SER vs ESTAR: What is the difference?

SER vs ESTAR that is the dilemma! The Spanish irregular verbs SER and ESTAR both translate to the English verb ‘to be’, but SER and ESTAR are used differently and most Spanish learners encounter difficulties on their usage.


Since both verbs are two of the most commonly used ones in Spanish, and are highly irregular in forms (at you can see in the present tense conjugation on the right), it is important to learn  their conjugations but overall when one should be used over the other to be able to form accurate sentences.

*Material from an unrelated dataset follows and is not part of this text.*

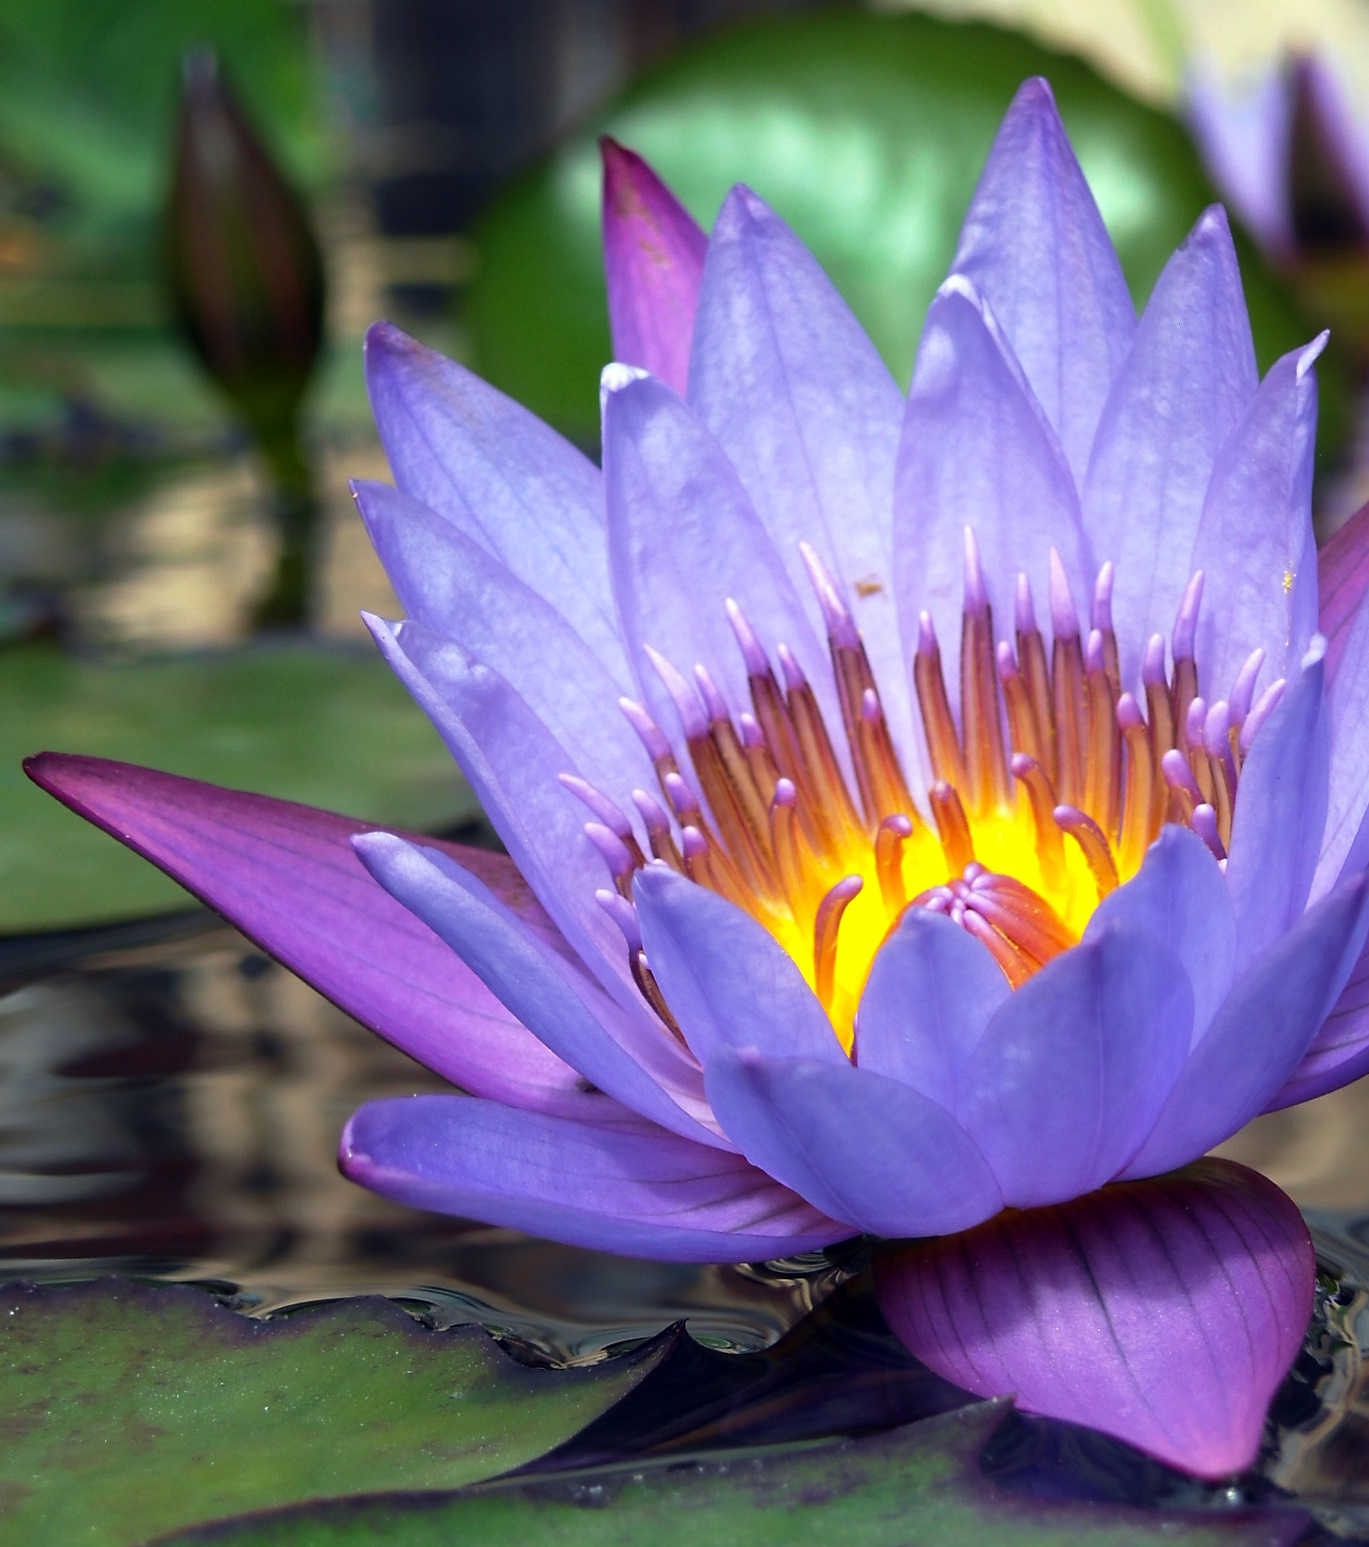 Lotus flower wikipedia free encyclopedia wallpaperscraft filenymphaea cultivar flowering sanya city in hainan nymphaeaceae wikipedia mightylinksfo

So first let see the whole conjugation of SER and how to form verb ESTAR in all the tenses.

SER vs ESTAR, what is the difference?

Usage of SER

SER is used to…

  • describe inherent characteristic or quality and conditions that are more or less permanent or long term:

Soy alto (I’m tal).

Teresa es divertida (Teresa is funny).

El coche de Carlo es rojo (Carlo’s car is red).

Arturo es inteligente (Arthur is an intelligent man).

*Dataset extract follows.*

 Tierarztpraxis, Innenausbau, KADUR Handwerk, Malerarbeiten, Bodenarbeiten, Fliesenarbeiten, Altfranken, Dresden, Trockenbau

Su familia es católica (Her family is Catholic).

  • express time, day, and hour: 

¿Qué hora es? (What time is it?)

Es la una y diez (It’s ten minutes after one o’clock).

Son las dos de la tarde (It’s two o’clock in the afternoon).

Hoy es lunes (Today is Monday).

Es 5 de enero de 2017 (It’s January 5, 2017).

  • tell a person’s origin or nationality:

¿De dónde eres? (Where are you from?).

Soy  estadounidense (I’m from the United States).

Mi esposa es alemana (My wife is German).

Paul es frances (Paul is French).

  • express relationships: 

Marta es la esposa de Fernado  (Marta is Ferndo’s wife).

Tomás es mi primo (Tomás is my cousin).

  • tell a person’s profession or occupation. 

Soy contable (I’m an accountant).

Lola es enfermera (Lola is a nurse).

Usage of ESTAR

Estar is used…

  • to indicate or ask for physical or geographical locations:

¿Dónde están tus hijos? (Where are your children?).

Ana está en el mercado (Anna is in the market). 

Machu Pichu está en Perú (Machu Pichu is in Peru).

¿Dónde está Canadá?  (Where is Canada?)

  • with an adjective to express a changeable condition:

Mi abuela está enferma (My grand mother is sick).

Estoy cansado/a (I’m tired).

¿Cómo está la tarta? (How’s the cake?).

Su madre está enfadada (His mother is angry).

¿Cómo estás? (How are you?).

Estoy bien (I’m well).

  • to describe the weather, a constantly changing condition:

El día está frío (the day is cold).

Está nublado (It’s cloudy).

  • with a gerund to form progressive tenses. In Spanish, a gerund is an invariable verb form which ends in –ndo for all verb groups. It is formed by dropping the infinitive endings and adding –ando (AR verbs) and –iendo (ER and IR verbs) to the stem. Examples: 

Estamos pasado las vacaciones en Mallorca (We are spending our holidays on Mallorca).

Estábamos durmiendo cuando llegaron mis padres (We were sleeping when my parent arrived).

SER vs ESTAR with adjectives

Some adjectives convey an entirely different meaning depending on which verb they are used with. Here you have some examples, but click in the link to learn more:

Los niños están listos (The children are ready).

Los niños están listos (The children are clever).

Carlota está feliz (Carlota is happy).

Carlota es feliz (Carlota is a happy person).

Lucas está orgulloso (Lucas is proud).

Lucas es orgulloso (Lucas is conceited).

Ramón está callado (Ramón is quiet).

Ramón es callado (Ramón is introverted).